Set down nothing but the lines from the one containing "sedia-ceriale-in-alluminio-bianco.jpg" to the final line of the material, exactly as written, and drop the pictures.

SUPPLIED DATA
[Start of Attachment]
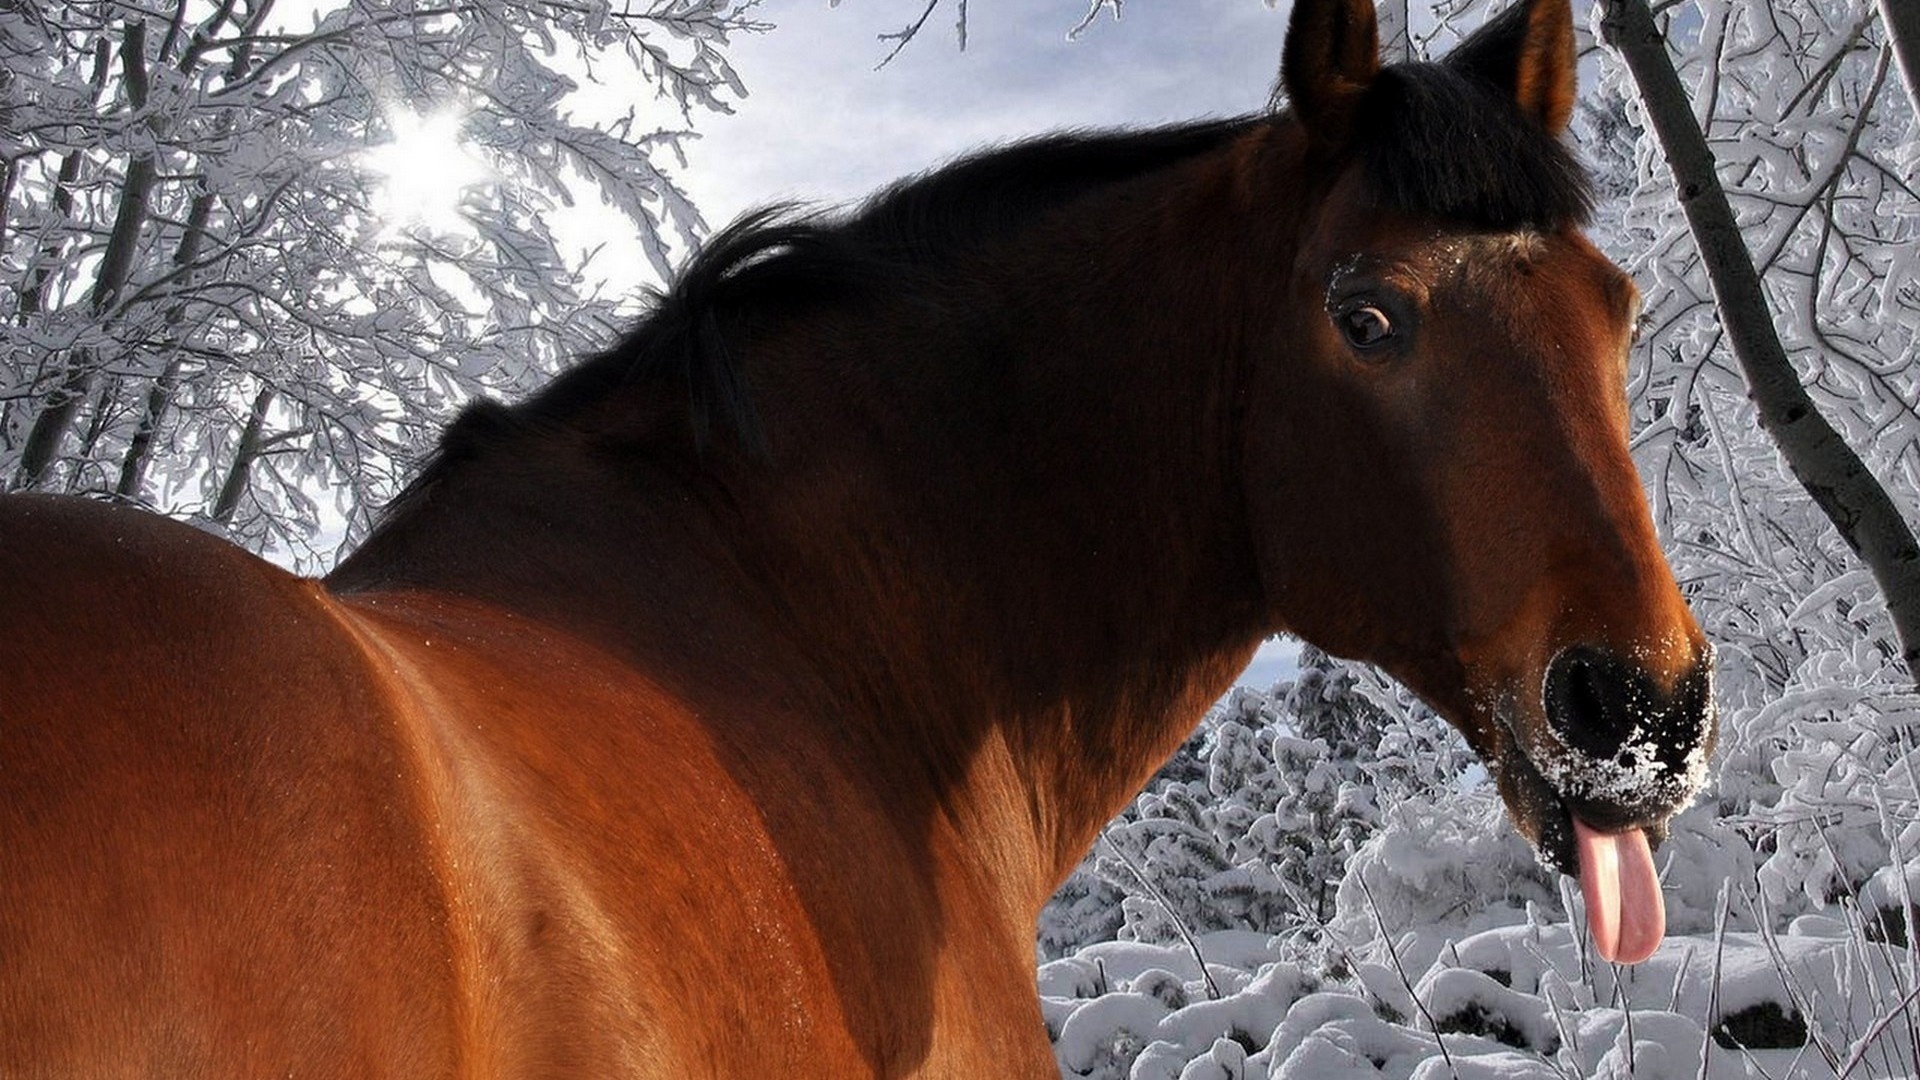 fond d'écran hd cheval qui tire la langue dans la neige
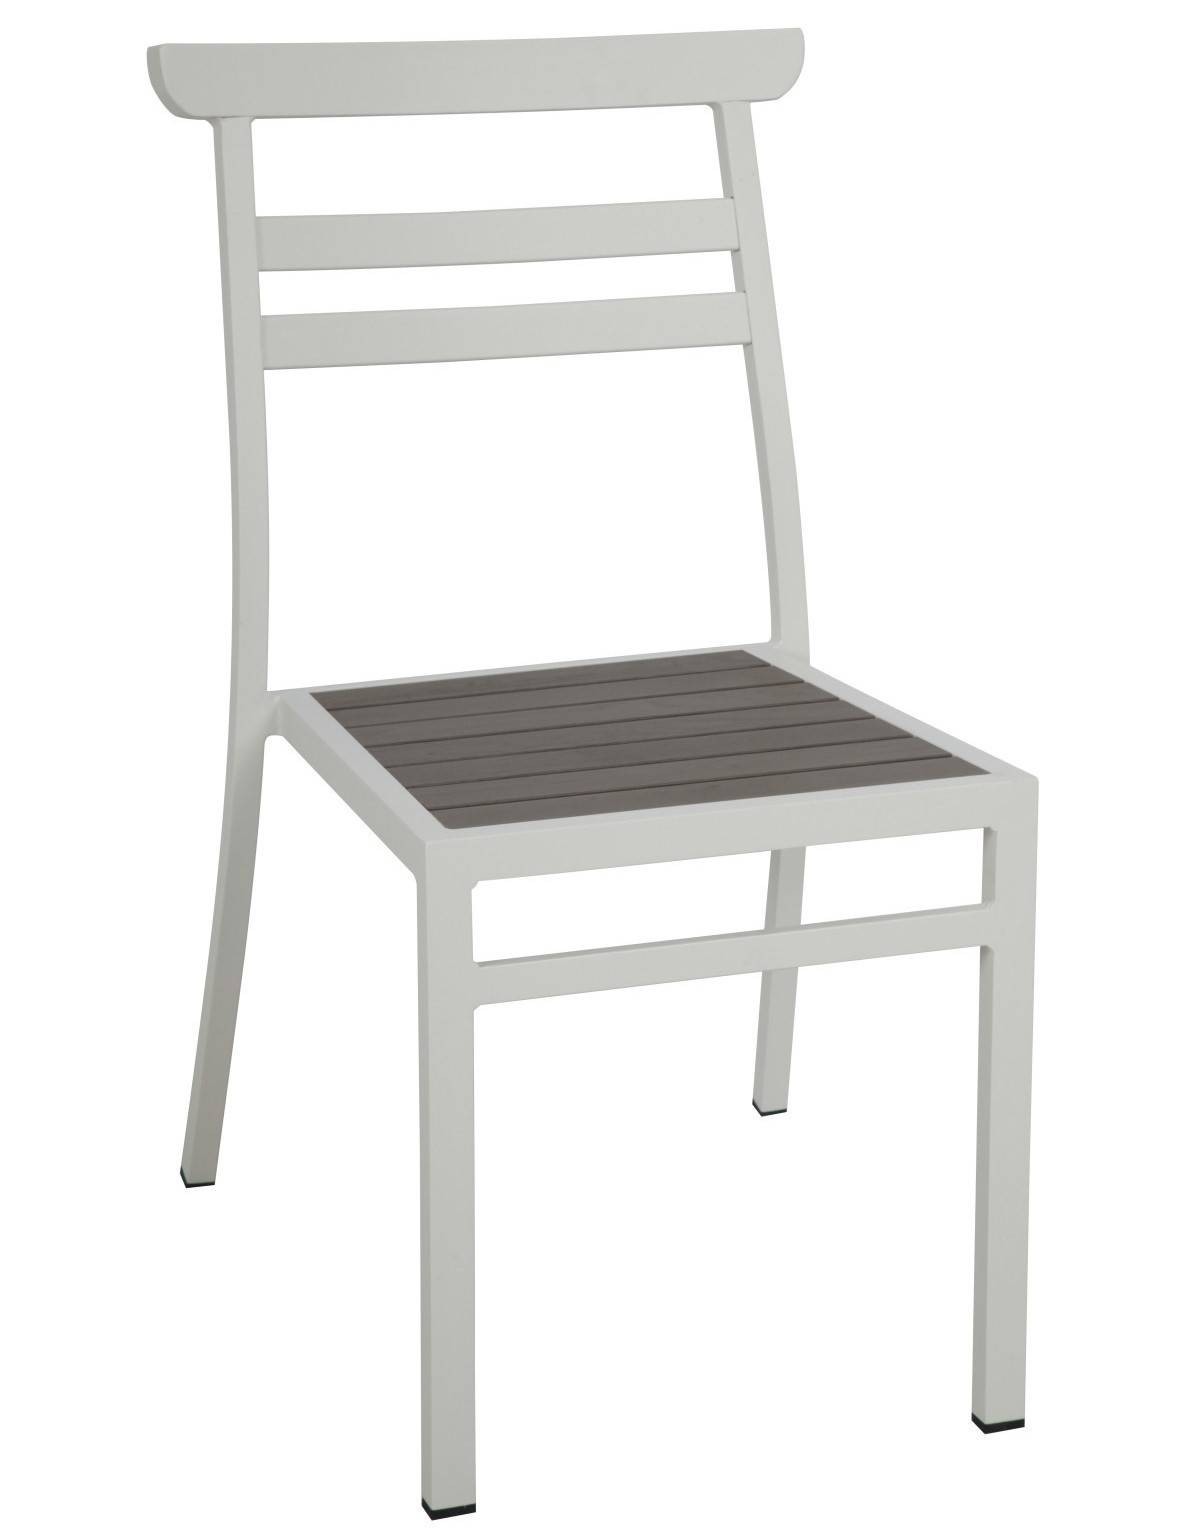 sedia-ceriale-in-alluminio-bianco.jpg
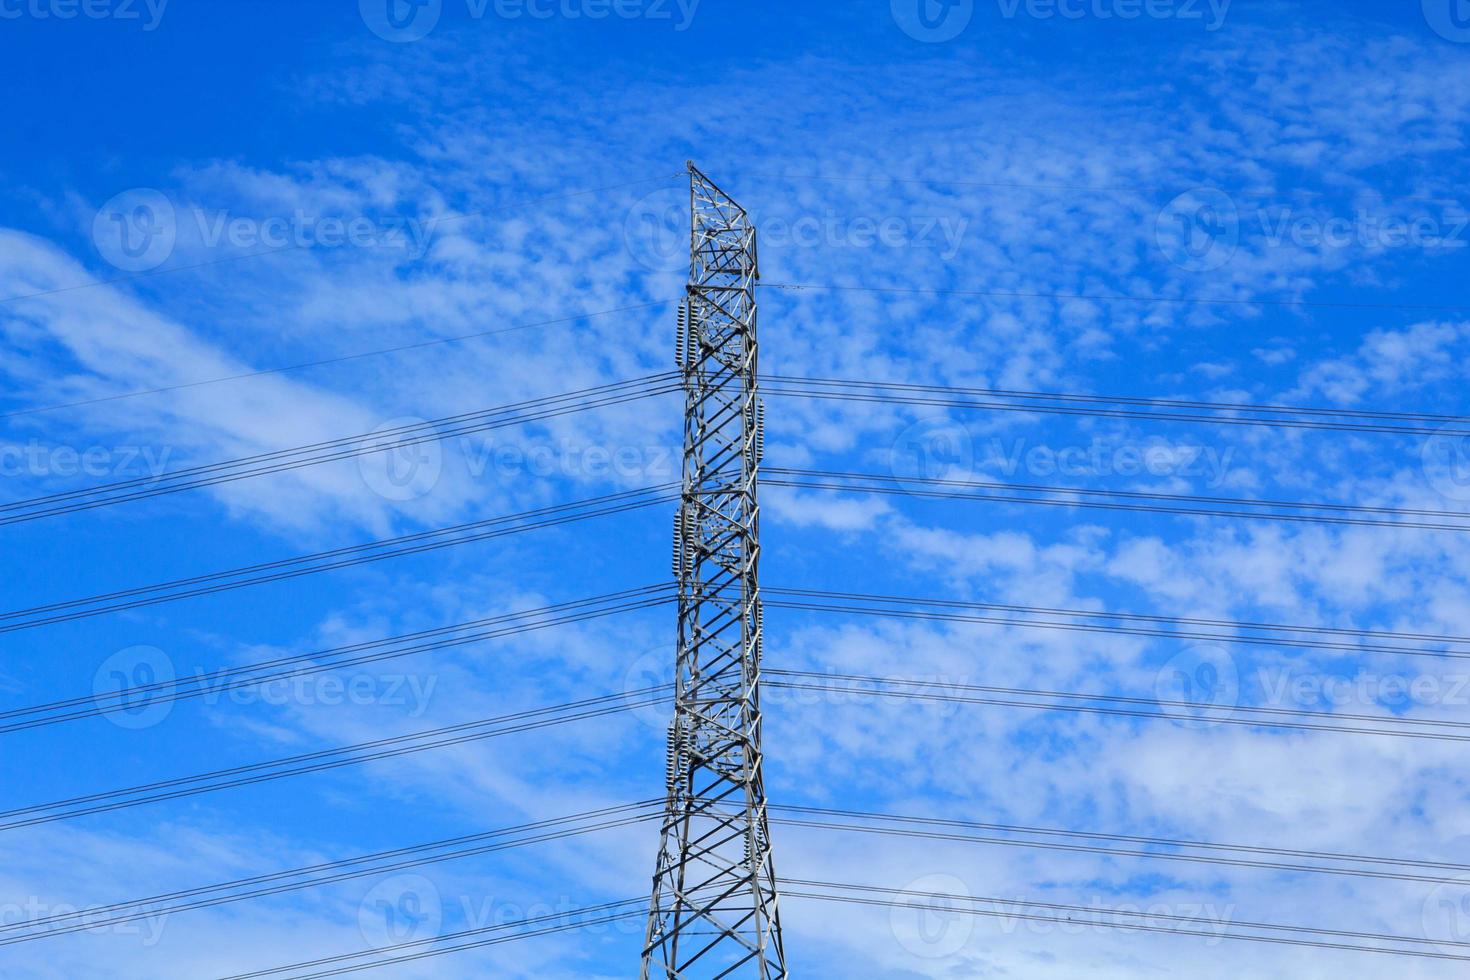 los postes de alto voltaje diseñados por ingenieros para plantas industriales y energía doméstica de consumo en un fondo de cielo azul y cálido es tecnología moderna e industrial moderna y peligrosa, por favor no se acerque. foto
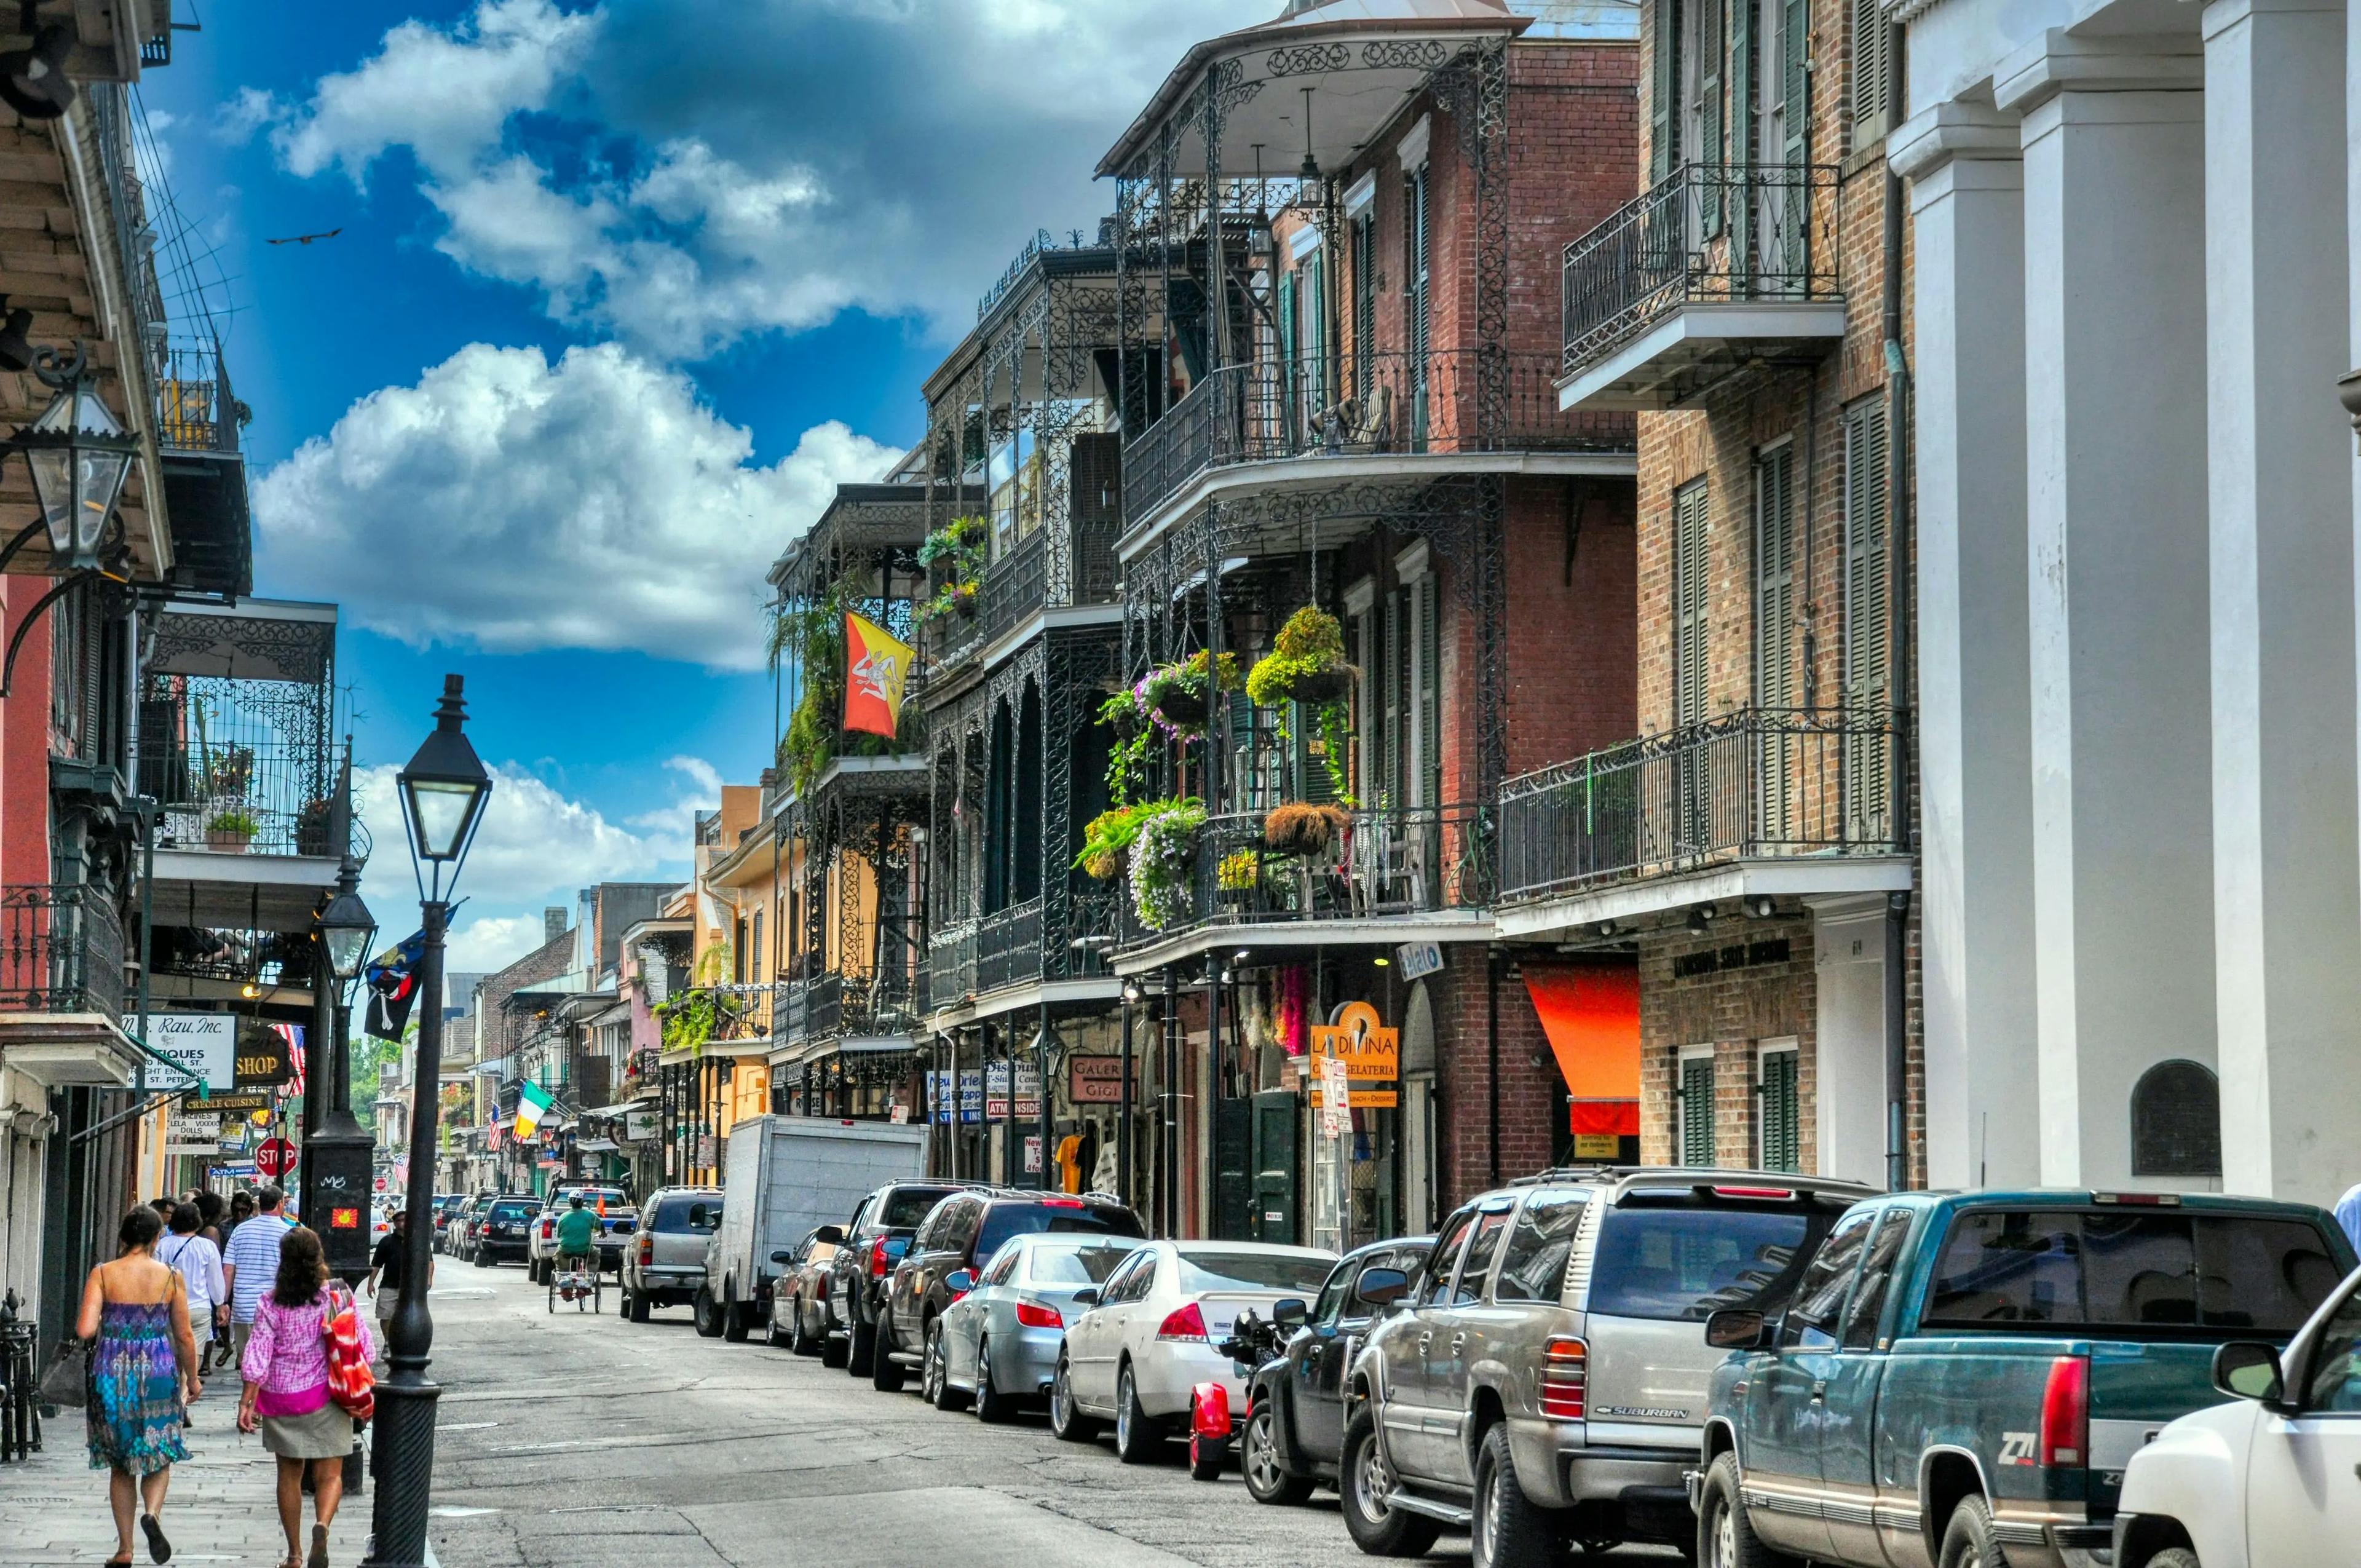 New Orleans Tourist Information Handbook
[End of Attachment]
SOLUTION TO THE EXERCISE
 sedia-ceriale-in-alluminio-bianco.jpg
 los postes de alto voltaje diseñados por ingenieros para plantas industriales y energía doméstica de consumo en un fondo de cielo azul y cálido es tecnología moderna e industrial moderna y peligrosa, por favor no se acerque. foto
 New Orleans Tourist Information Handbook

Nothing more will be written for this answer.